Department of Pathology and Laboratory Medicine, School of Medicine, Emory University, Atlanta, GA, United States.
Department of Chemistry, College of Arts and Sciences, Emory University, Atlanta, GA, United States.
Front Immunol. 2022 Dec 9;13:1033672. doi: 10.3389/fimmu.2022.1033672. eCollection 2022.
B cell lymphoma 2 (BCL-2) family proteins are involved in the mitochondrial apoptotic pathway and are key modulators of cellular lifespan, which is dysregulated during human immunodeficiency virus type 1 (HIV-1) and other viral infections, thereby increasing the lifespan of cells harboring virus, including the latent HIV-1 reservoir. Long-lived cells harboring integrated HIV-1 DNA is a major barrier to eradication. Strategies reducing the lifespan of reservoir cells could significantly impact the field of cure research, while also providing insight into immunomodulatory strategies that can crosstalk to other viral infections. Venetoclax is a first-in-class orally bioavailable BCL-2 homology 3 (BH3) mimetic that recently received Food and Drug Administration (FDA) approval for treatment in myeloid and lymphocytic leukemia. Venetoclax has been recently investigated in HIV-1 and demonstrated anti-HIV-1 effects including a reduction in reservoir size. Another immunomodulatory strategy towards reduction in the lifespan of the reservoir is Jak 1/2 inhibition. The Jak STAT pathway has been implicated in BCL-2 and interleukin 10 (IL-10) expression, leading to a downstream effect of cellular senescence. Ruxolitinib and baricitinib are FDA-approved, orally bioavailable Jak 1/2 inhibitors that have been shown to indirectly decay the HIV-1 latent reservoir, and down-regulate markers of HIV-1 persistence, immune dysregulation and reservoir lifespan and . Ruxolitinib recently demonstrated a significant decrease in BCL-2 expression in a human study of virally suppressed people living with HIV (PWH), and baricitinib recently received emergency use approval for the indication of coronavirus disease 2019 (COVID-19), underscoring their safety and efficacy in the viral infection setting. BCL-2 and Jak 1/2 inhibitors could be repurposed as immunomodulators for not only HIV-1 and COVID-19, but other viruses that upregulate BCL-2 anti-apoptotic proteins. This review examines potential routes for BCL-2 and Jak 1/2 inhibitors as immunomodulators for treatment and cure of HIV-1 and other viral infections.
B 细胞淋巴瘤 2 (BCL-2) 家族蛋白参与线粒体凋亡途径,是细胞寿命的关键调节剂,在人类免疫缺陷病毒 1 型 (HIV-1) 和其他病毒感染期间,细胞寿命被失调,从而增加了携带病毒的细胞的寿命,包括潜伏的 HIV-1 储存库。携带整合 HIV-1 DNA 的长寿细胞是根除的主要障碍。降低储存库细胞寿命的策略可能会对治愈研究领域产生重大影响,同时也为免疫调节策略提供了深入了解,可以与其他病毒感染相互作用。
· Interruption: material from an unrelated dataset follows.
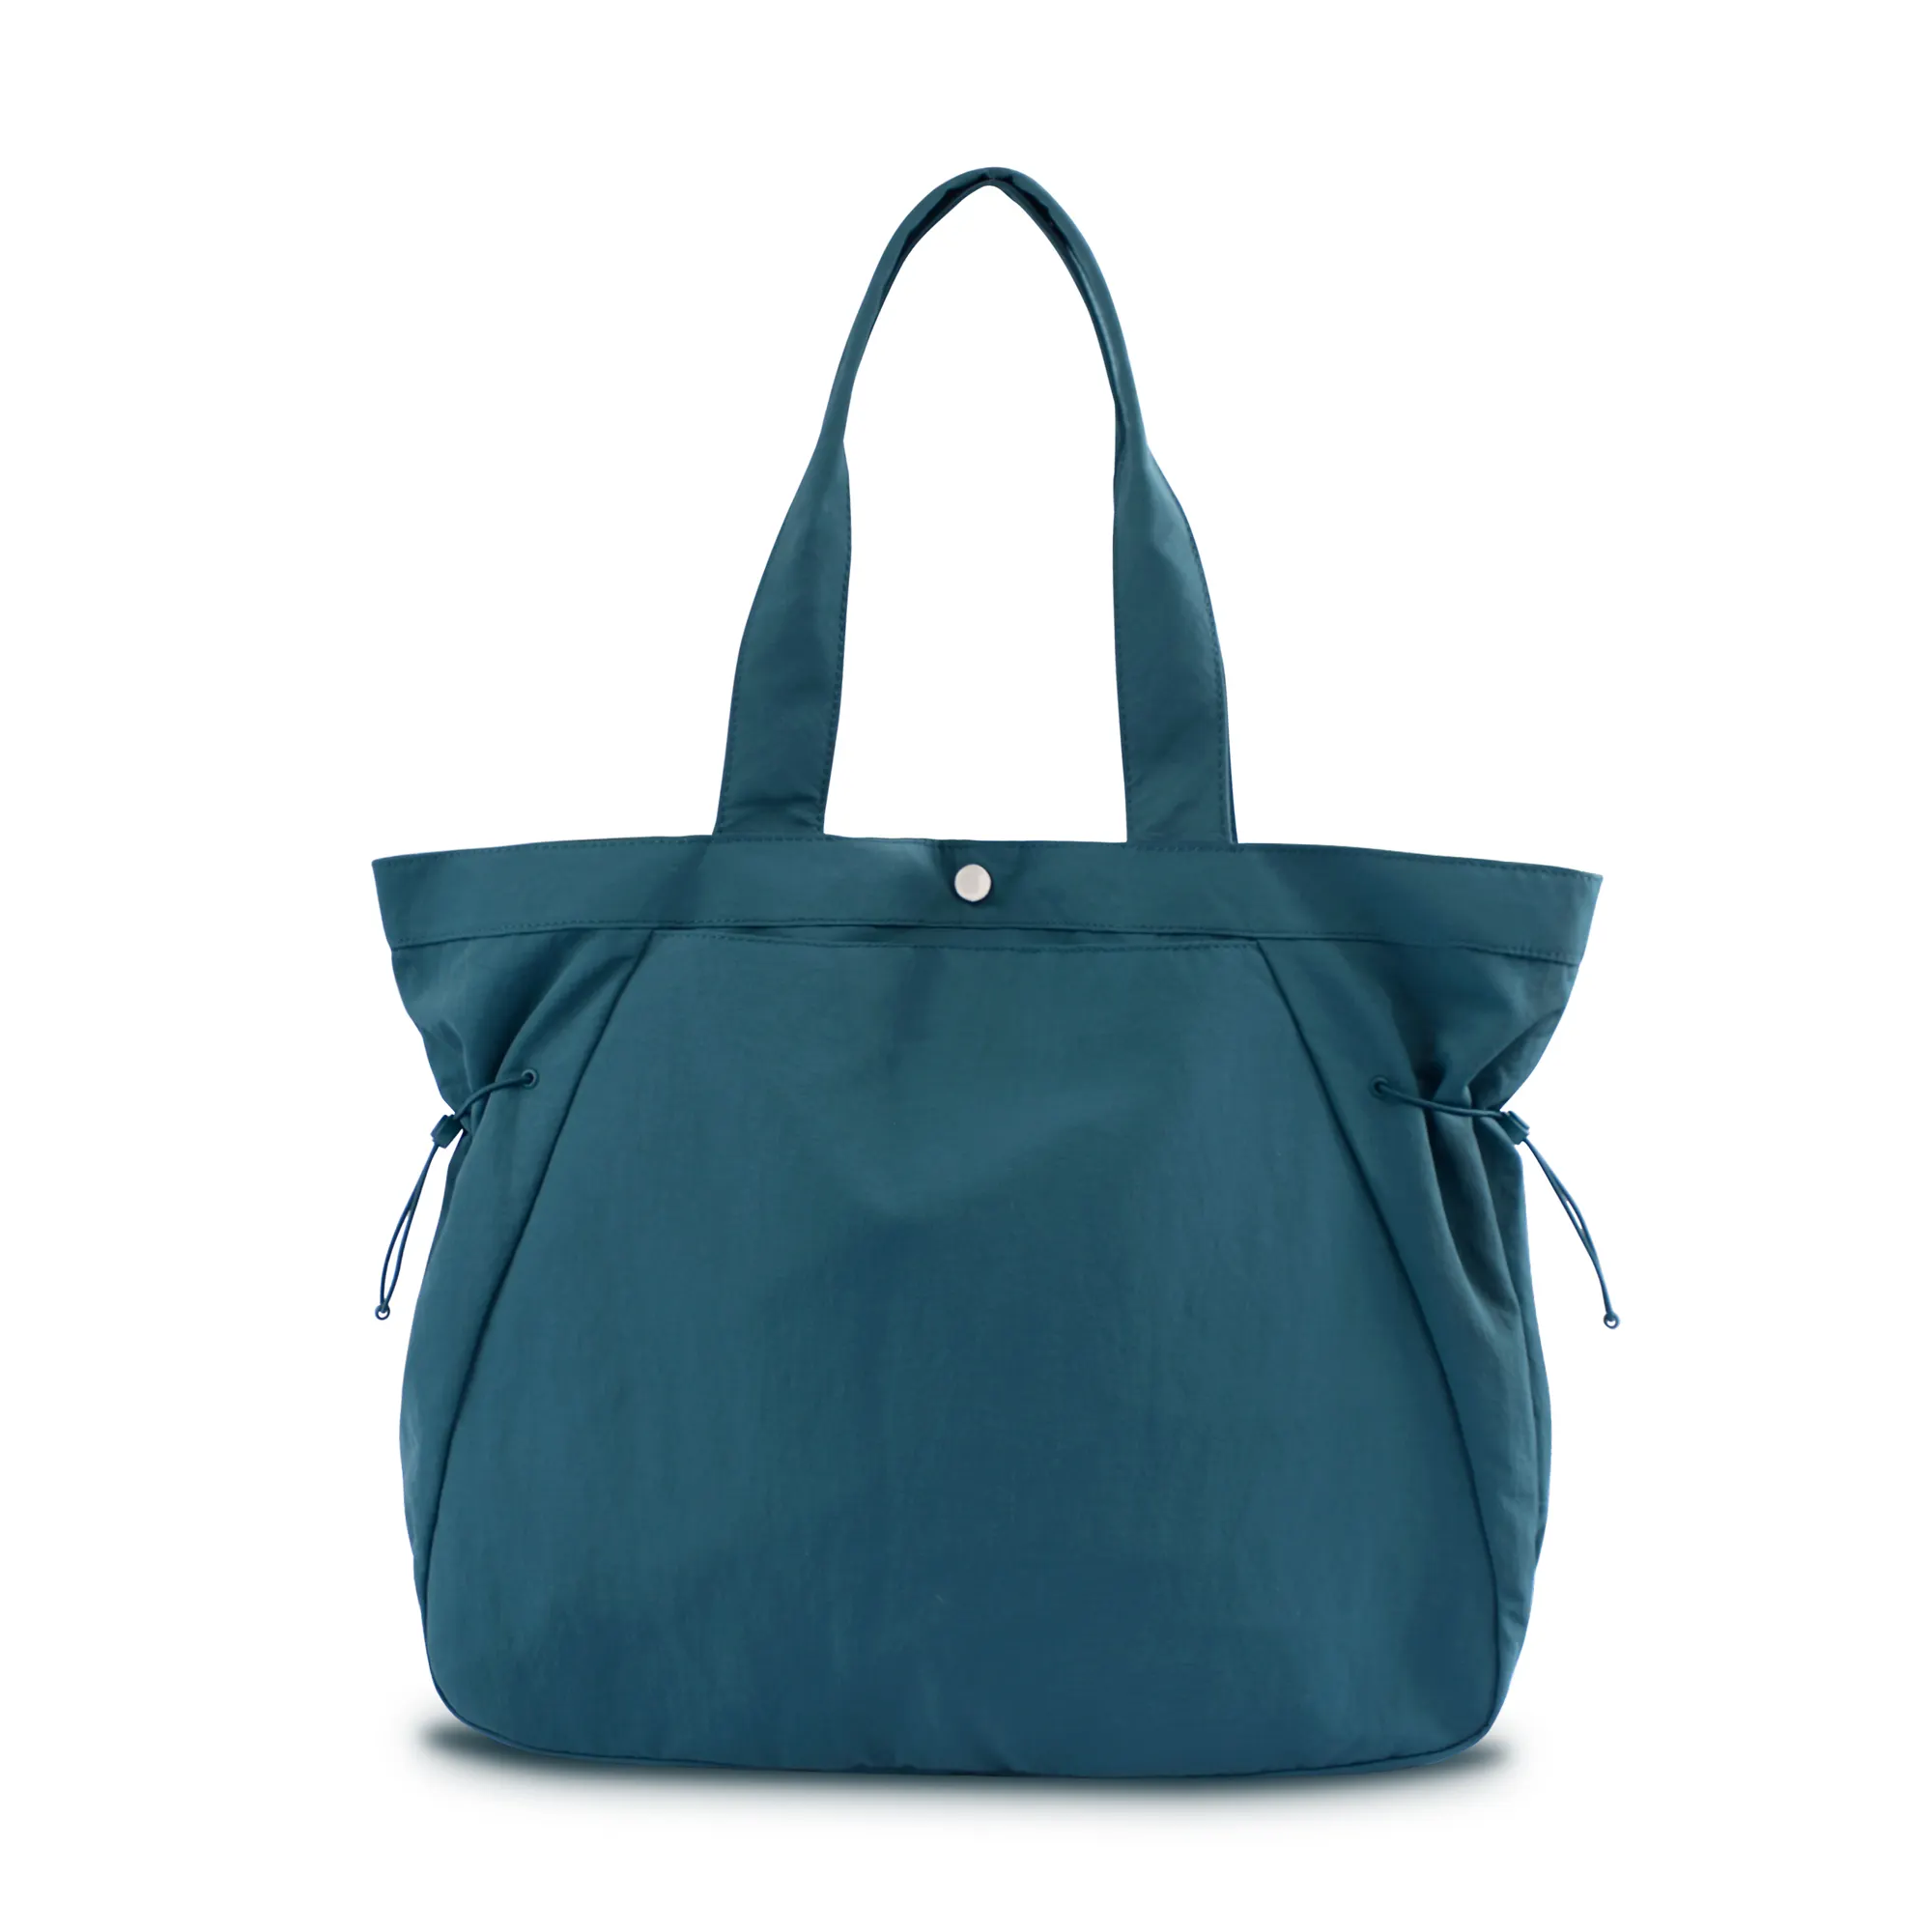 Tas belanja samping mudah 18l tas bahu ringan tas jinjing wanita untuk belanja latihan perjalanan pantai

维奈托克是一种首创的口服生物可利用 BCL-2 同源性 3 (BH3) 模拟物,最近获得美国食品和药物管理局 (FDA) 批准用于治疗髓系和淋巴细胞白血病。维奈托克最近在 HIV-1 中进行了研究,并显示出抗 HIV-1 作用,包括减少储存库大小。另一种降低储存库寿命的免疫调节策略是 Jak 1/2 抑制。Jak STAT 途径已被牵连到 BCL-2 和白细胞介素 10 (IL-10) 的表达中,导致细胞衰老的下游效应。鲁索利替尼和巴瑞替尼是 FDA 批准的口服生物可利用的 Jak 1/2 抑制剂,已被证明可间接衰减 HIV-1 潜伏储存库,并下调 HIV-1 持续存在、免疫失调和储存库寿命的标志物 和 。鲁索利替尼最近在一项对 HIV 抑制的艾滋病毒感染者 (PWH) 的人体研究中显示出 BCL-2 表达的显著下降,而巴瑞替尼最近因治疗 2019 年冠状病毒病 (COVID-19) 获得紧急使用批准,强调了它们在病毒感染环境中的安全性和有效性。BCL-2 和 Jak 1/2 抑制剂可被重新用作免疫调节剂,不仅用于 HIV-1 和 COVID-19,还可用于其他上调 BCL-2 抗凋亡蛋白的病毒。本综述探讨了 BCL-2 和 Jak 1/2 抑制剂作为免疫调节剂用于治疗和治愈 HIV-1 和其他病毒感染的潜在途径。